* [Exercise directions]: Reproduce the listing word for word, leaving every picture behind.

* [Source material]:
◆ ◆ ◆ ◆
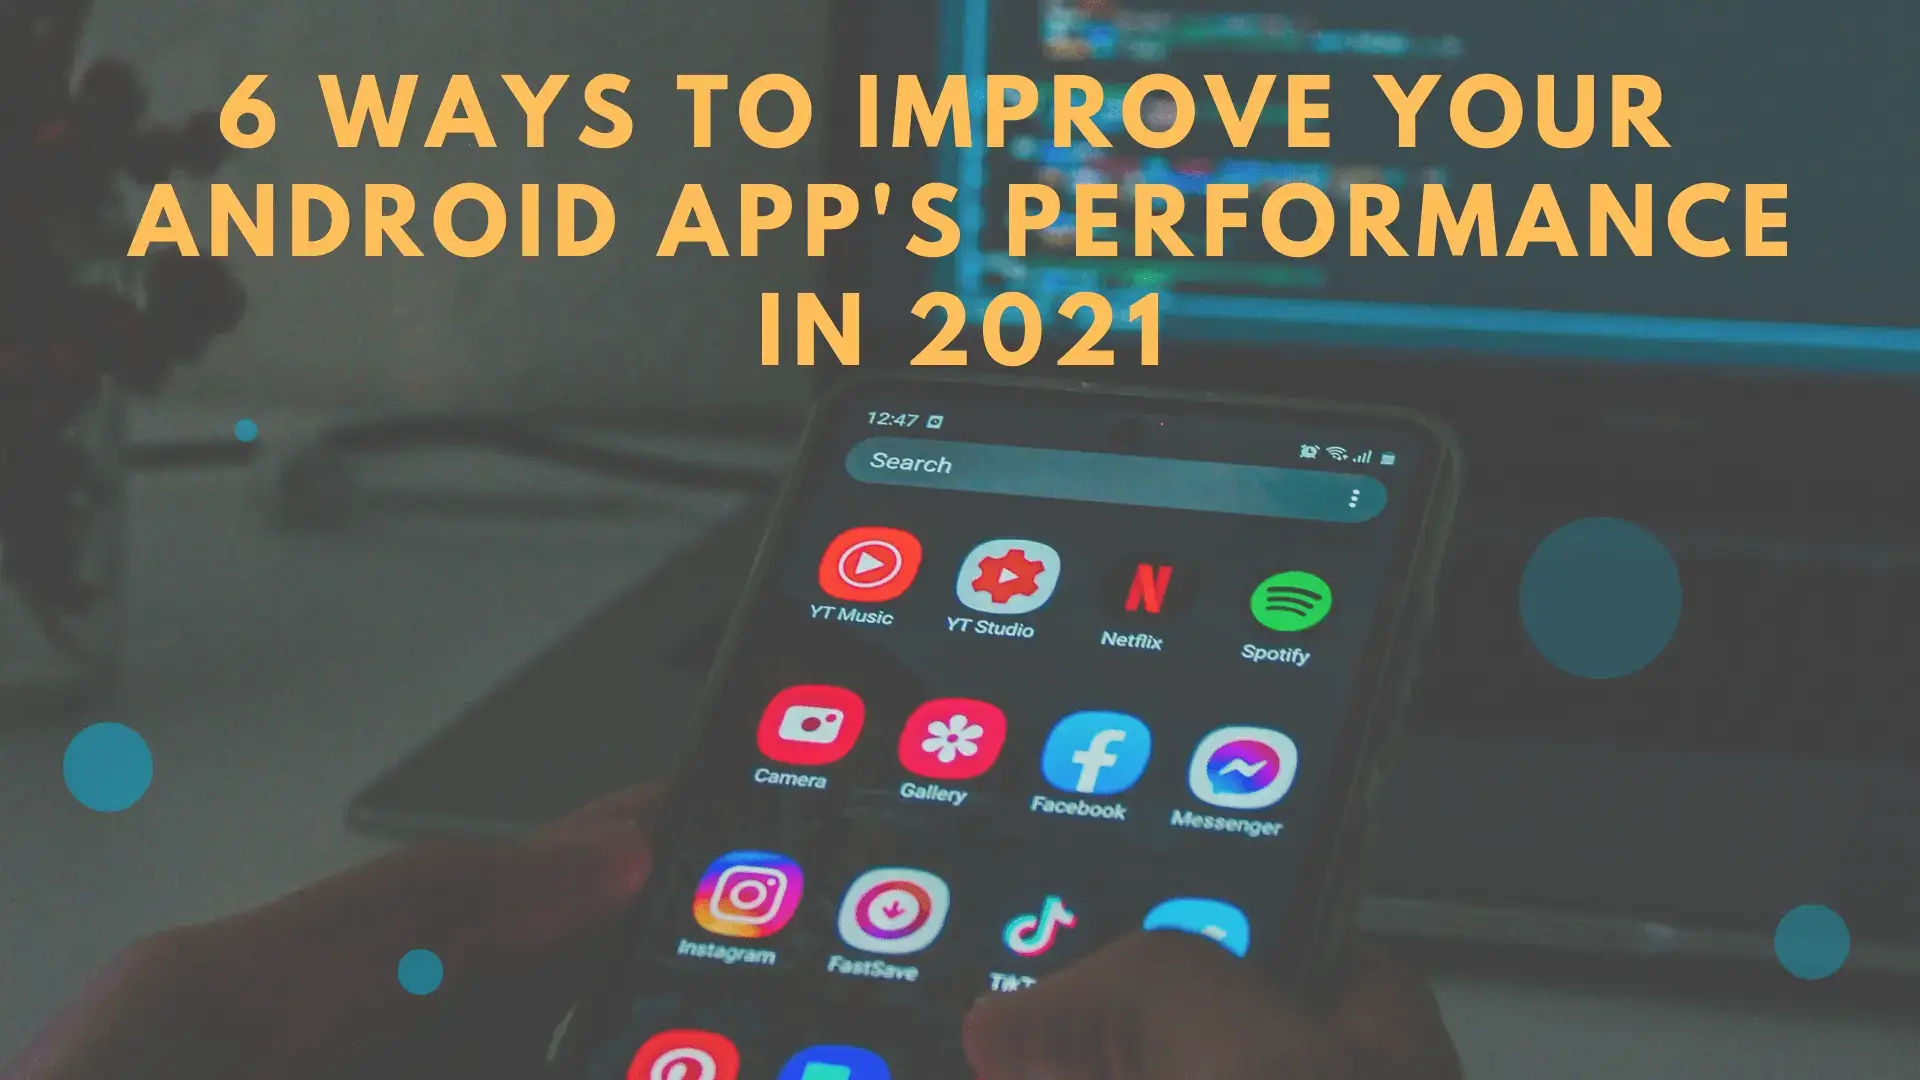 6-Ways-To-Improve-Your-Android-Apps-Performance-1
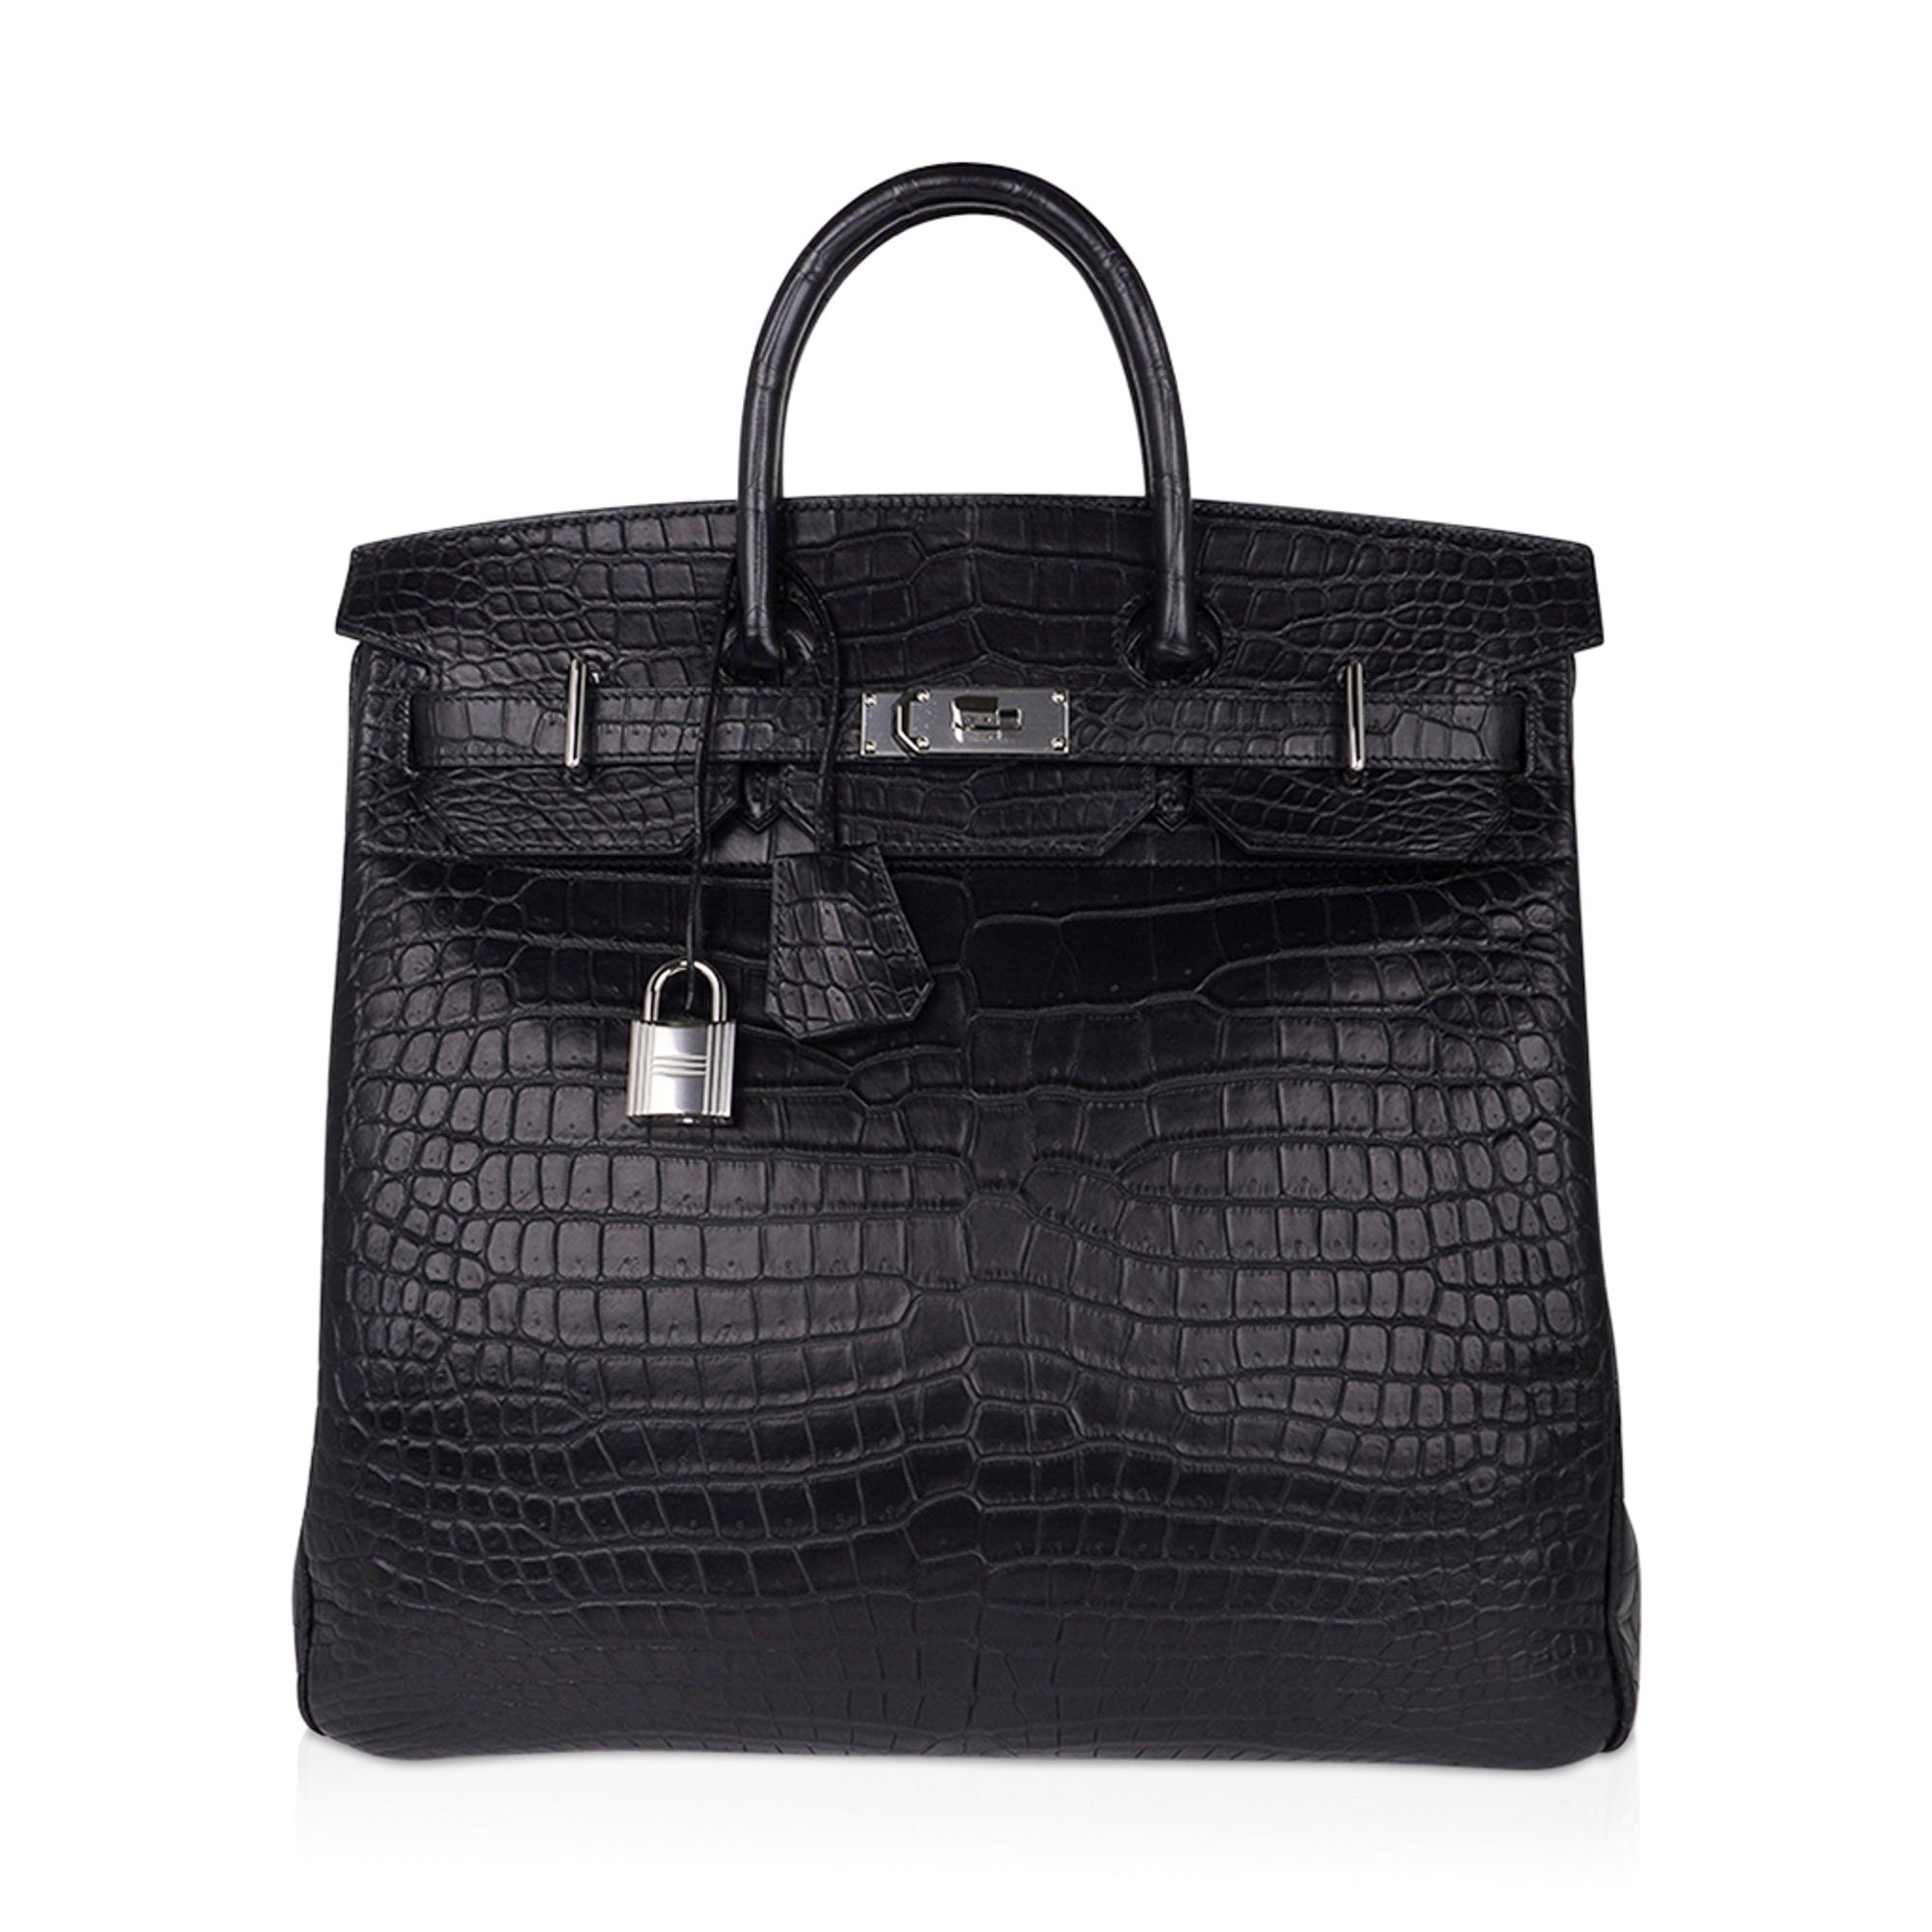 Why a Hermès Birkin bag is such a good investment, according to
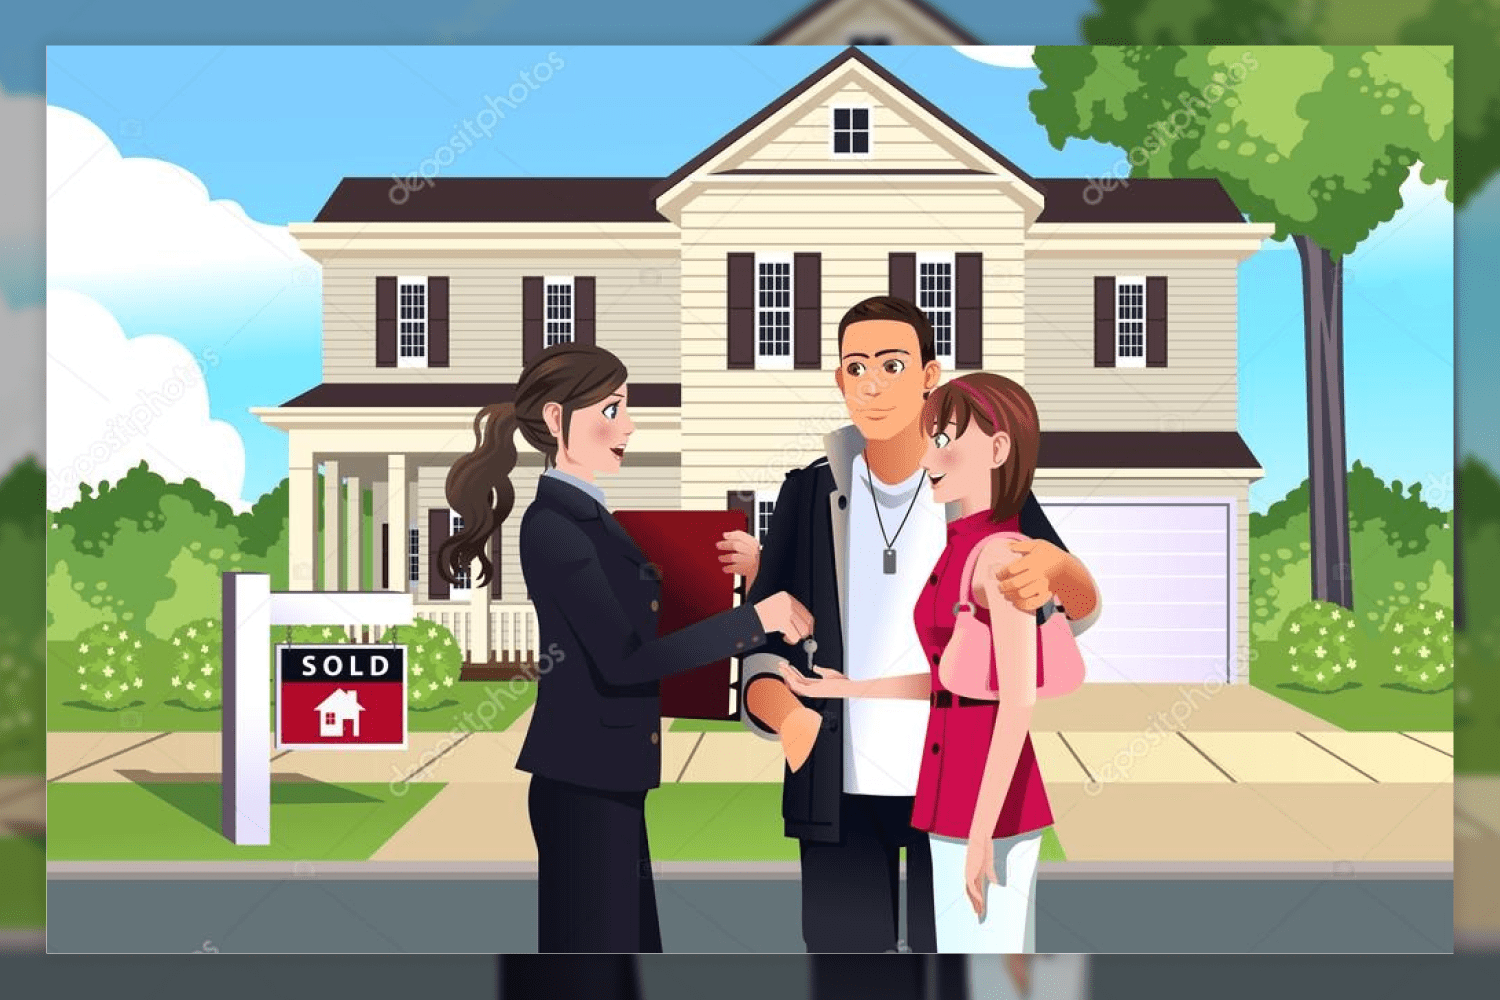 87 real estate agent in front of a sold house with her customer 650
◆ ◆ ◆ ◆
* [Answer below]:
 6-Ways-To-Improve-Your-Android-Apps-Performance-1
 Why a Hermès Birkin bag is such a good investment, according to
 87 real estate agent in front of a sold house with her customer 650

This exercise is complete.